Cominciò a trattenere il respiro per controllare le sensazioni che stavano esplodendo dentro di lui. Non era gioia, non era dolore, non era piacere era un mix di tutte queste emozioni  e di qualcosa d’altro a cui non sapeva dare un nome, ma che lo stava portando al margine di una voragine senza fondo.
Si sentì crollare come se ogni fibra del suo essere si stesse frantumando in mille pezzi.
Cadde in quel buco nero che sbocciò in mille emozioni fuori controllo, stava completamento perdendo il senso di tutto, stava entrando nel panico, annaspando in cerca d’aria quando sentì due braccia che lo stavano cullando. Raccolte attorno al suo collo, erano un’ancora a cui si aggrappò, la sua protezione per la vulnerabilità che lo stava assalendo.

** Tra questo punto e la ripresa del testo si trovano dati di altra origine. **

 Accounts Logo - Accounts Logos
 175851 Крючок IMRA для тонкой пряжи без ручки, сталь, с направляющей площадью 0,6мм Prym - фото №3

Sentì le labbra di Mac poggiarsi sul suo capo, la cosa che lo stava schiacciando si spezzò e Daryl si liberò dal giogo di una vita priva di emozioni.
 
Il mondo cominciò lentamente a girare, cominciò a sentire le braccia di Mac, la sua guancia sul suo capo. Percepì le sue stesse braccia avvinghiate a quelle della ragazza. Il loro respiro ritmico era l’unico suono che si sentiva.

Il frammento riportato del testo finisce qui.